On 26 May 1643, Micklethwaite was appointed assistant physician at St. Bartholomew's Hospital to Dr John Clarke, whose eldest daughter he married, and he was elected physician 13 May 1653. The Long Parliament, 12 Feb. 1644, had recommended him for promotion, "in the place of Dr. Harvey, who hath withdrawn himself from his charge and is retired to the party in arms against the Parliament." He was elected a fellow of the College of Physicians 11 November 1643, and delivered the Gulstonian lectures in 1644. He was elected censor seven times, was treasurer from 1667 to 1675, and president from 1676 to 1681.

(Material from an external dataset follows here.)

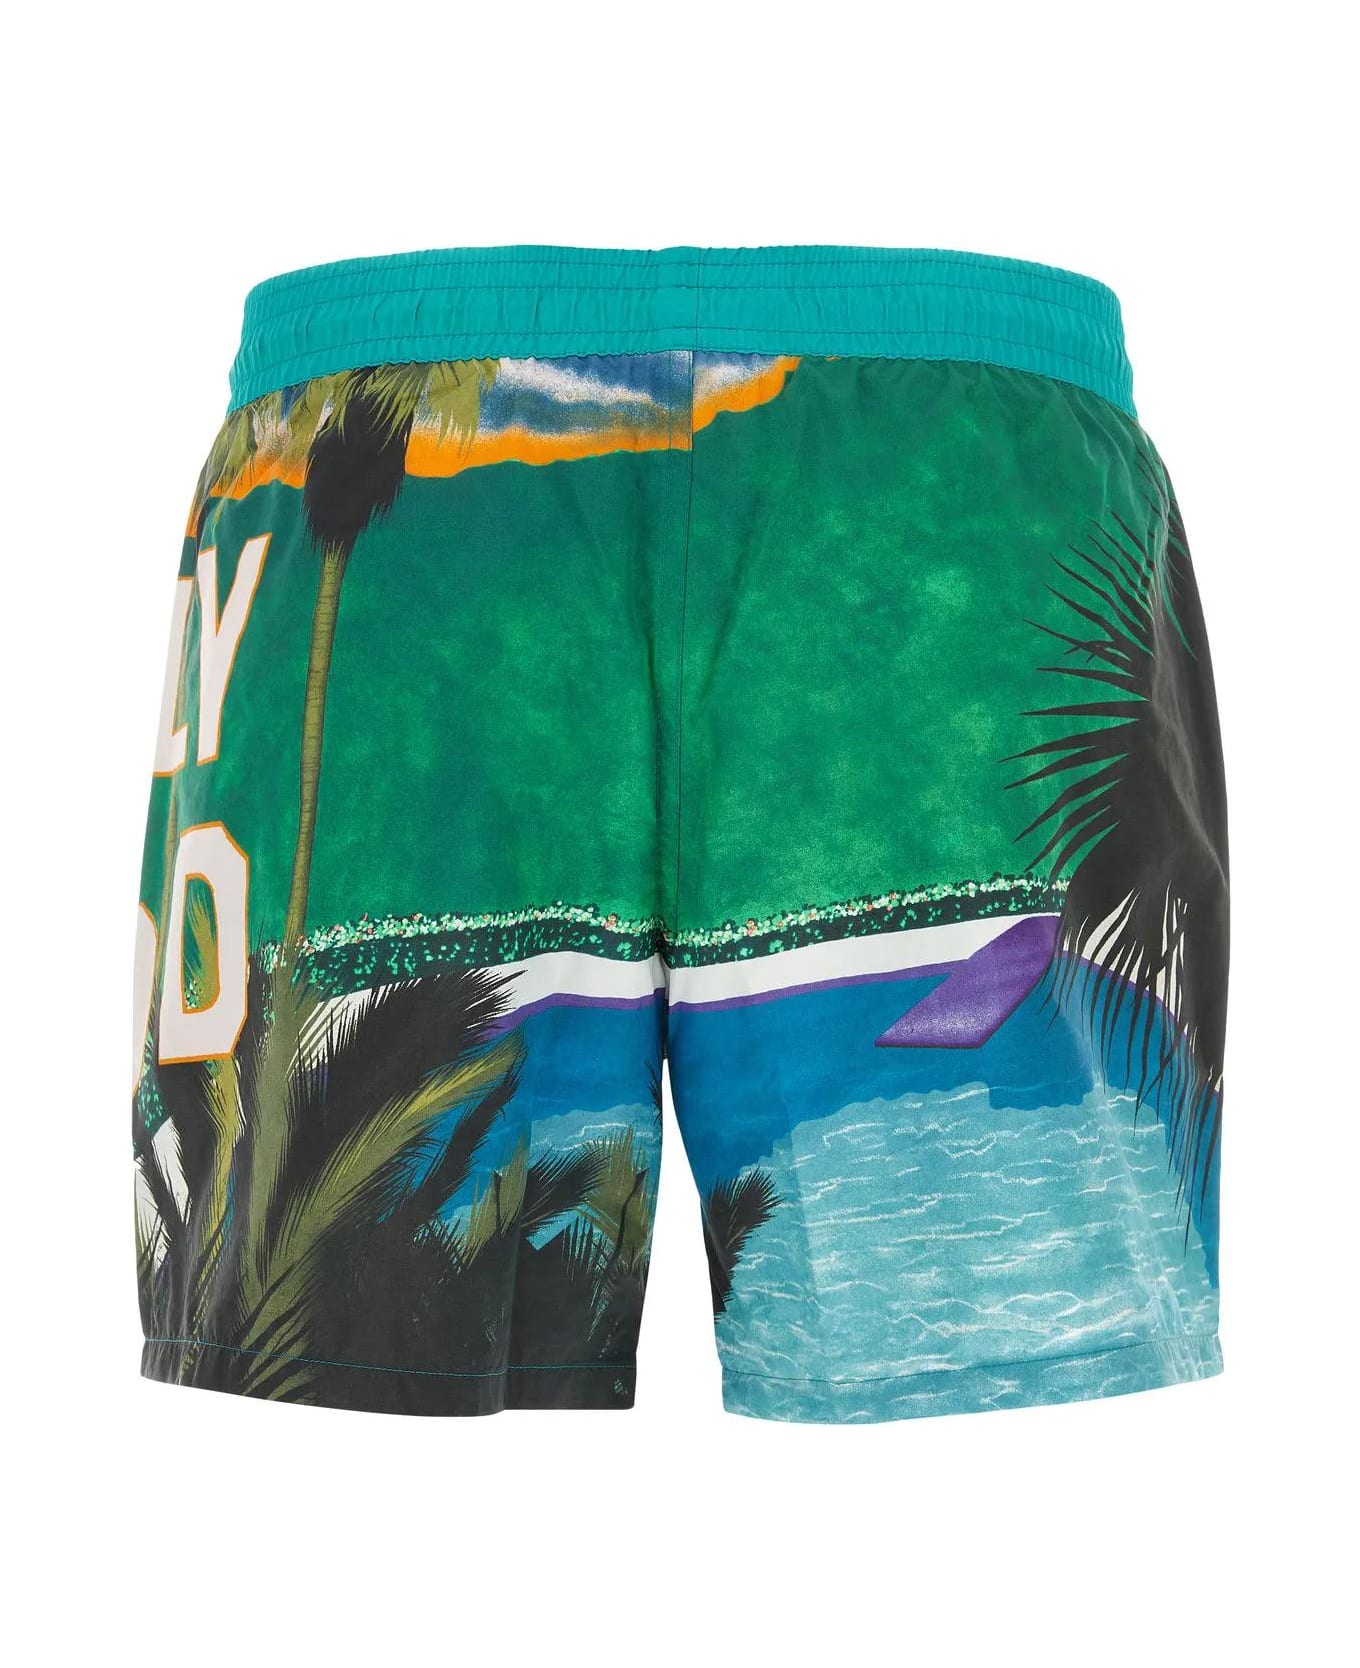 Etro Printed Nylon Swimming Shorts - Multicolor 水着

When Charles II in 1681 was taken ill at Windsor, Micklethwaite was sent for by Order in Council, and attained much repute by his treatment of the king, on whose recovery he was knighted. He was physician in ordinary to the king. He died of acute cystitis 29 July 1682, and was buried in the church of St. Botolph, Aldersgate, where his monument, with a long inscription, still remains. His death and achievements were celebrated in a broadside, An Elegy to commemorate and lament the Death of the most worthy Doctor of Physick, Sir John Micklethwaite. His portrait, representing him in a flowing wig, was given to the College of Physicians by Sir Edmund King, and hung in the dining-room.